SUPPLIED DATA
*** Begin section ***

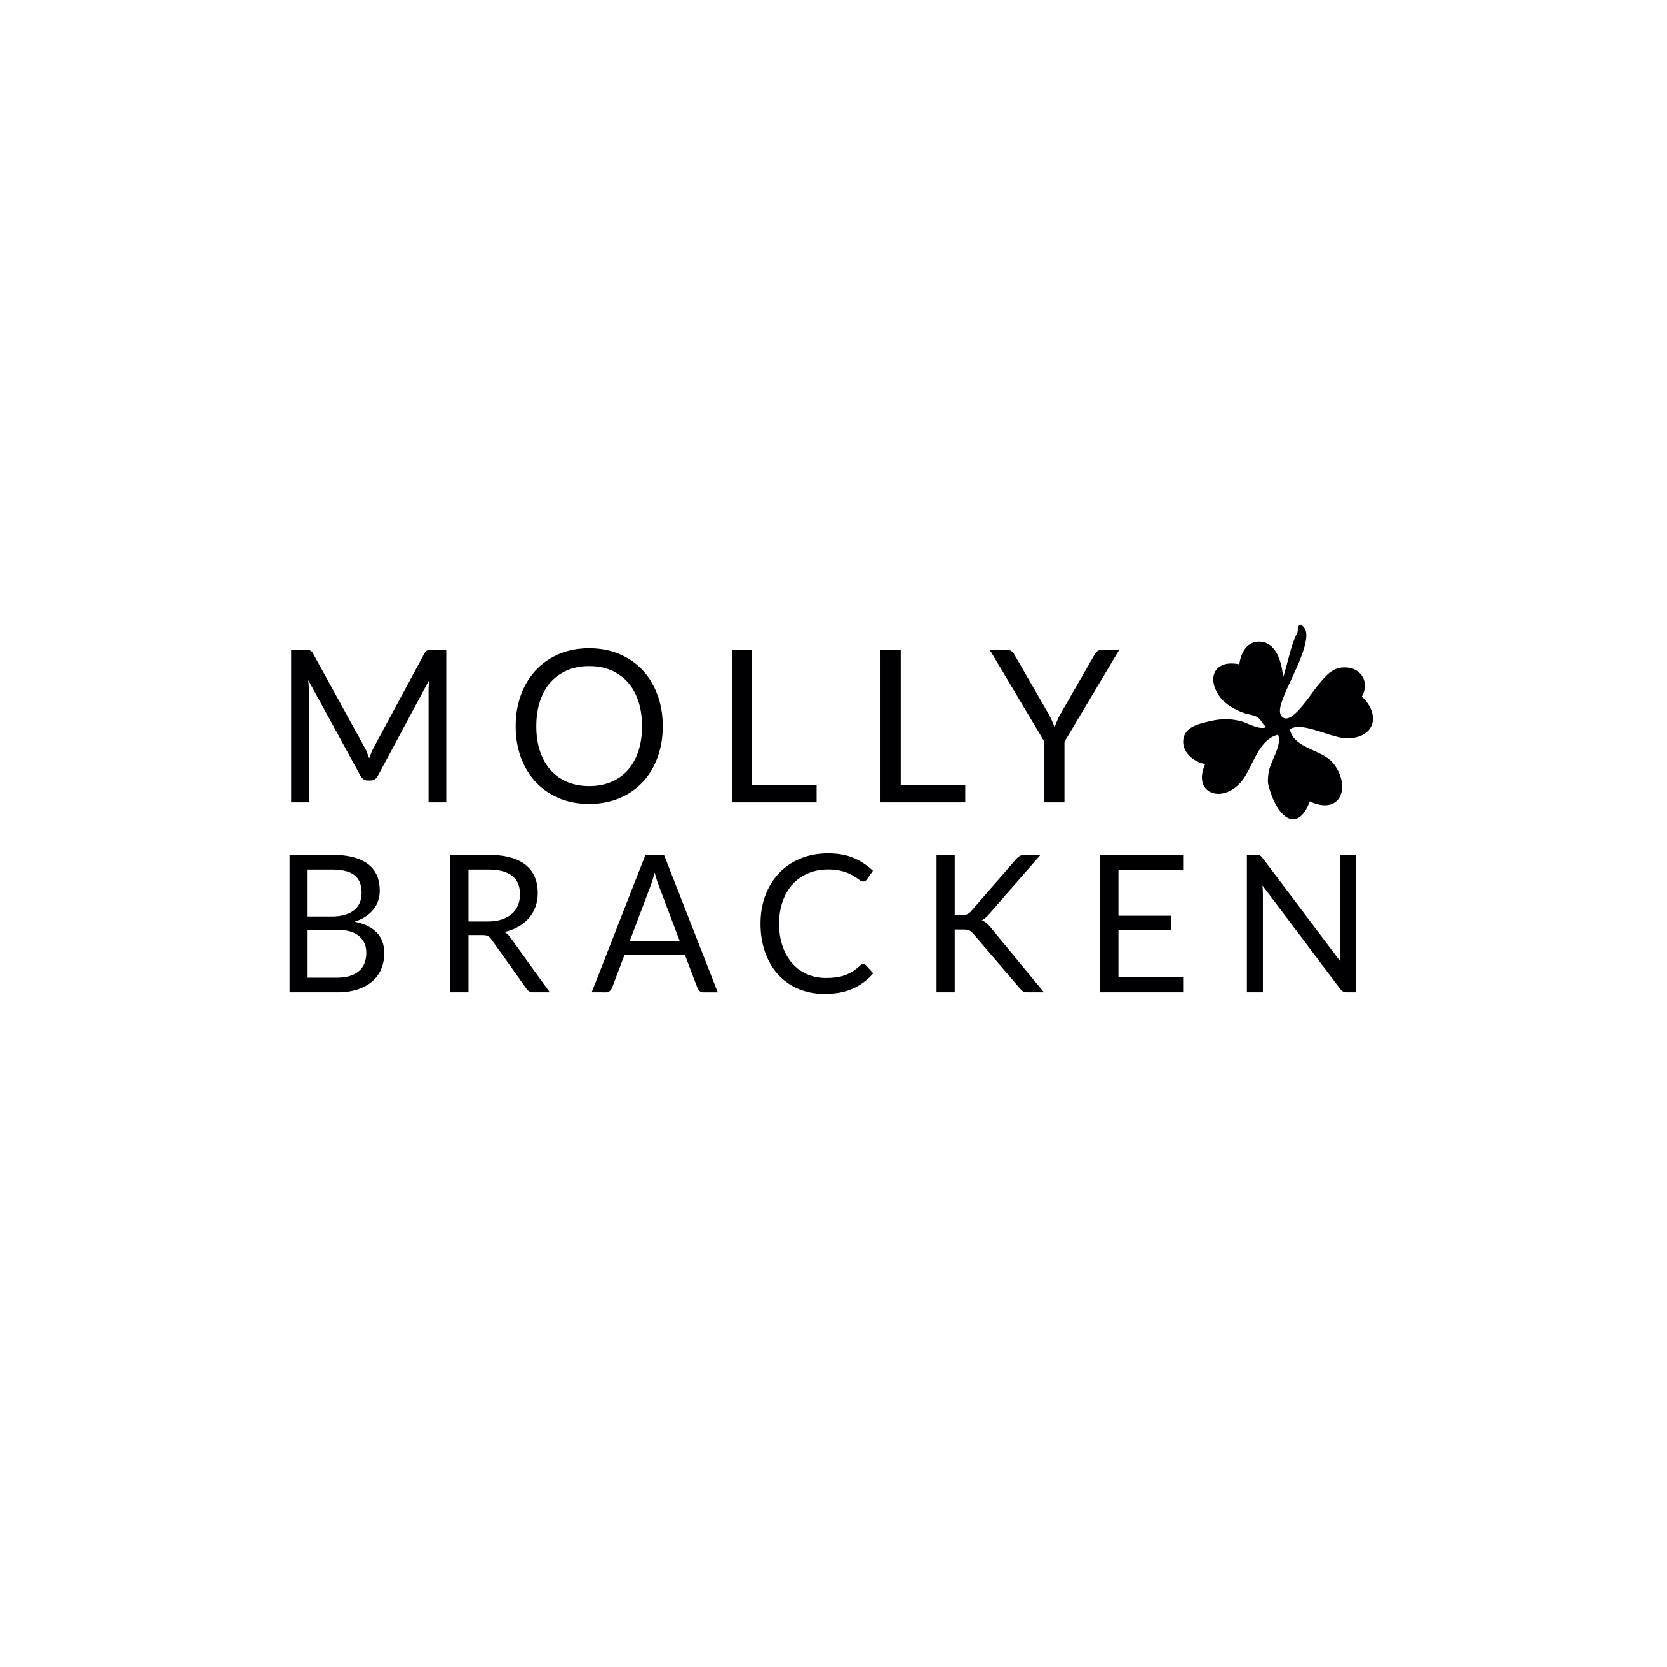 Molly Bracken Розмірні таблиці
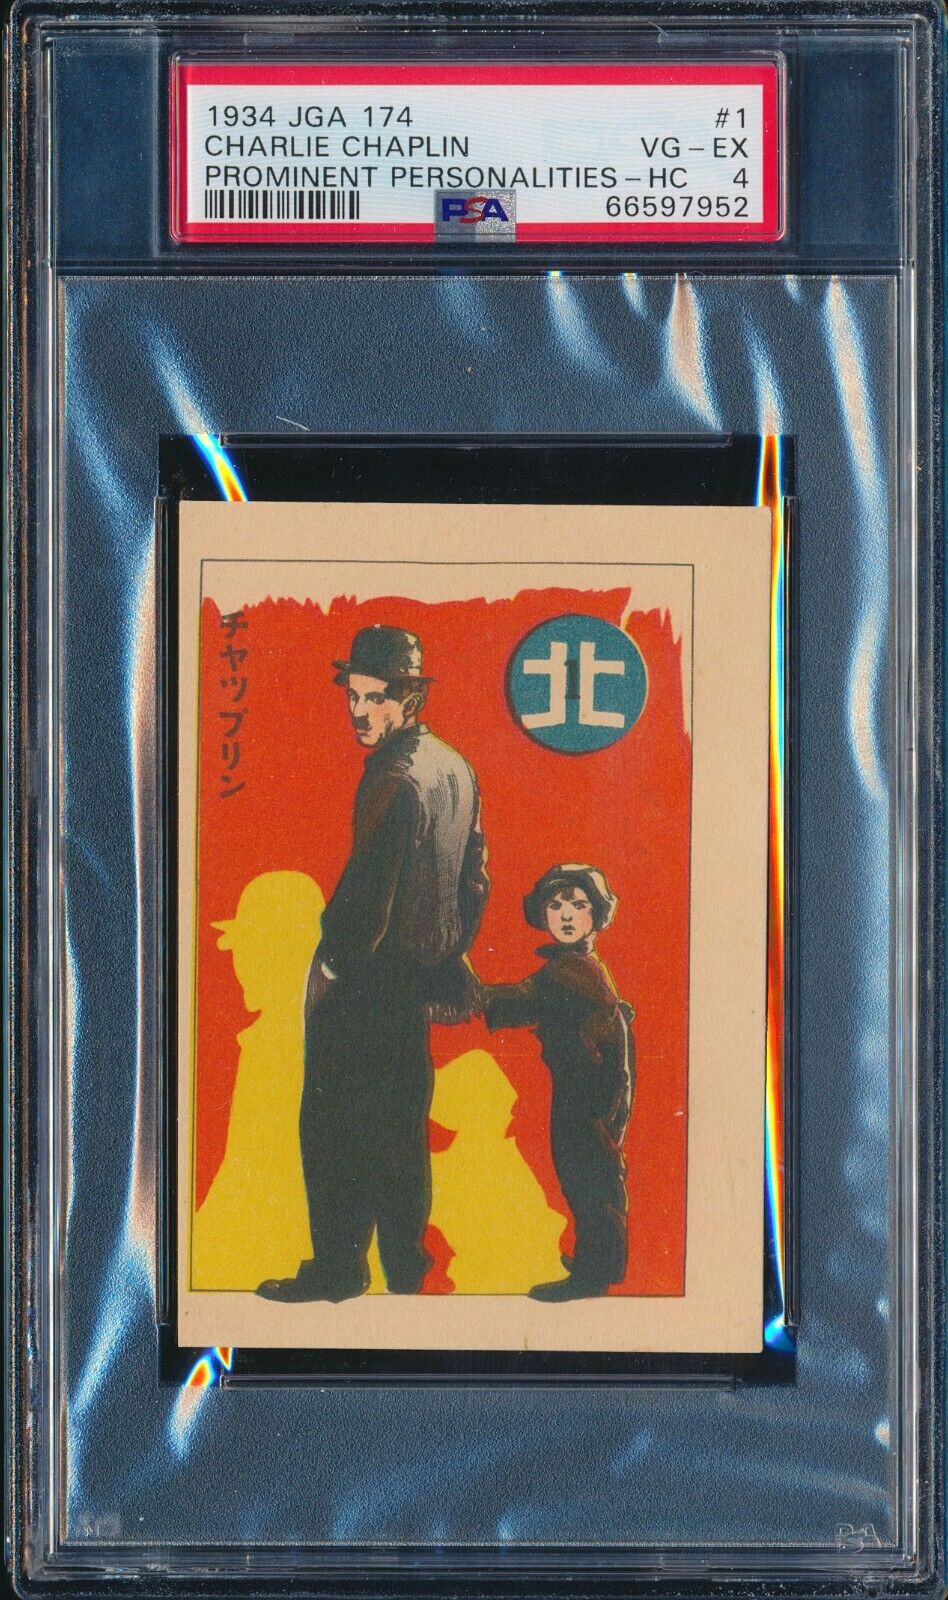 1934 Charlie Chaplin JGA174 Movie Actor Japanese Card PSA 4 Only Graded Example
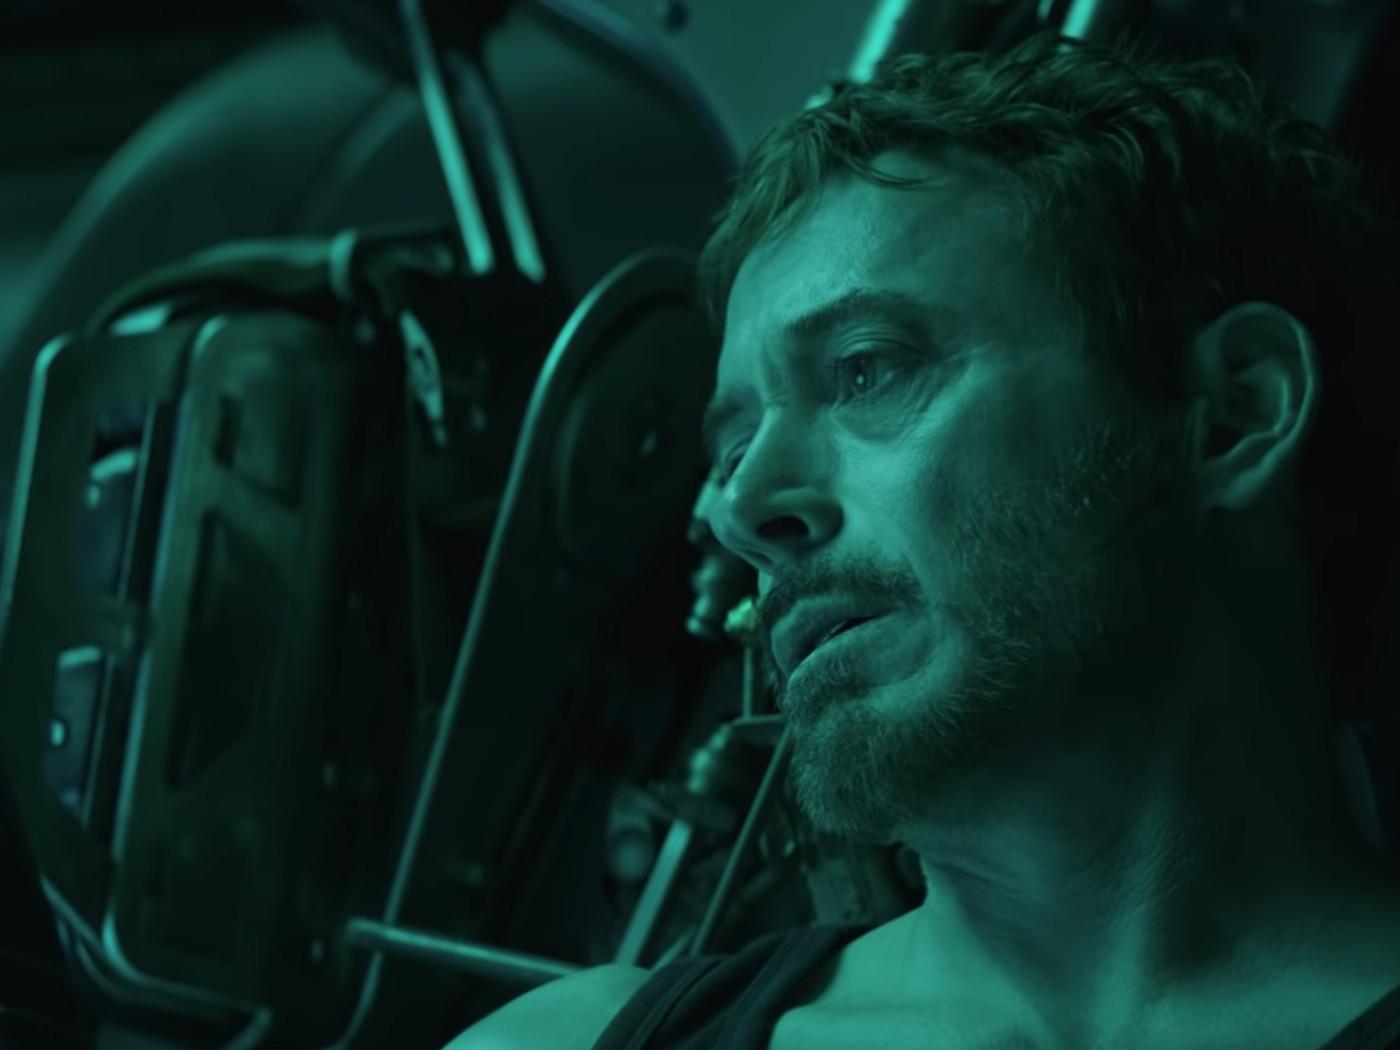 Avengers 4: Endgame trailer hints that Captain Marvel will save

*** End section ***

ACTION ITEM
Return all of the material above unchanged, minus its pictures.

WORKED SOLUTION
 Molly Bracken Розмірні таблиці
 1934 Charlie Chaplin JGA174 Movie Actor Japanese Card PSA 4 Only Graded Example
 Avengers 4: Endgame trailer hints that Captain Marvel will save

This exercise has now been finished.